The convoys were important. The USSR would have has a harrder time holding the line without the supplies from the US. And probably would have signed a seperate pease, releassing large number of troups.
Life for the merchant sailor was rough. 80% of the ships in the early convoys were sunk before reaching port. Tha ment with a 200 ship convoy only 40 made it to port. Some merchant sailors ended up joining the army because it was safer.
And out government did not treat the merchant sailor very well. If a Navy ship was sunk the servivors recieved 30 days leave, a merchant sailor was expected to ship out again when they got back to the US. If a Navy sailor lost a hand or leg they recieved a disiability payment for the rest of their life. A merchant sailor recieved $500 and that was it.
the convoyus were not escorted because there were not enough ships to properly escort them. In 1941 and 1942 I believe on the Alantic side there were only 1 or 2 carriers. There were not enough carriers to escort the convoys.
The biggest problem the Germans had was logistics. There was an accidental tank battle between the russians and the Germans. The Russians lost slightly mor tanks than the Germans. But the Germans had a hard time replacing them, the Russans did not.

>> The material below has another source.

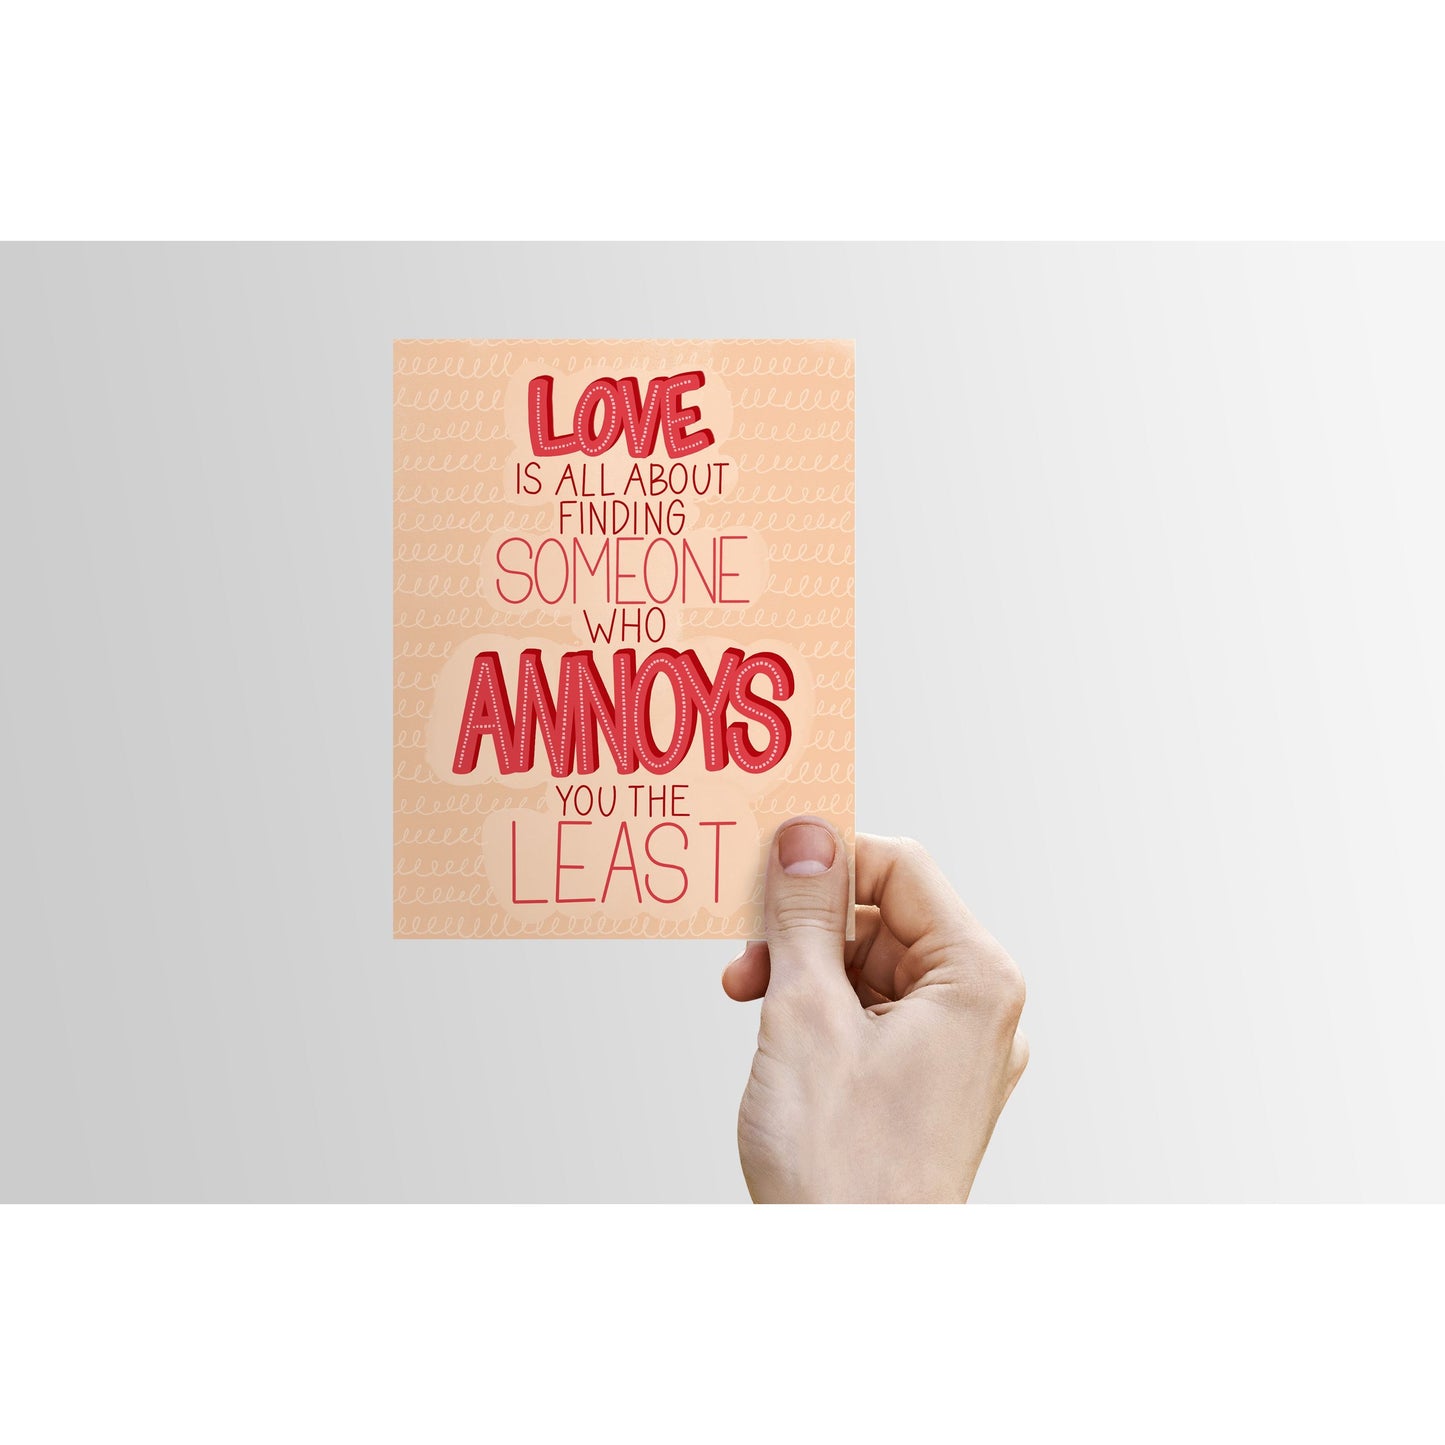 Love Is All About Finding Someone Who Annoys You the Least - Greeting Card

I think I’d dispute your figures regarding losses. Overall losses were only just over 5 % (merchant ships). Of the early convoys those in 1941 didn’t lose a ship (from very quick research).
Even the infamous PQ 17 off 1942 lost “only” 66% of the merchant ships.
One point regarding the convoys is that they were suspended for around 8 months in both 1942 and 1943. It didn’t seem to impact on the Soviet fighting ability.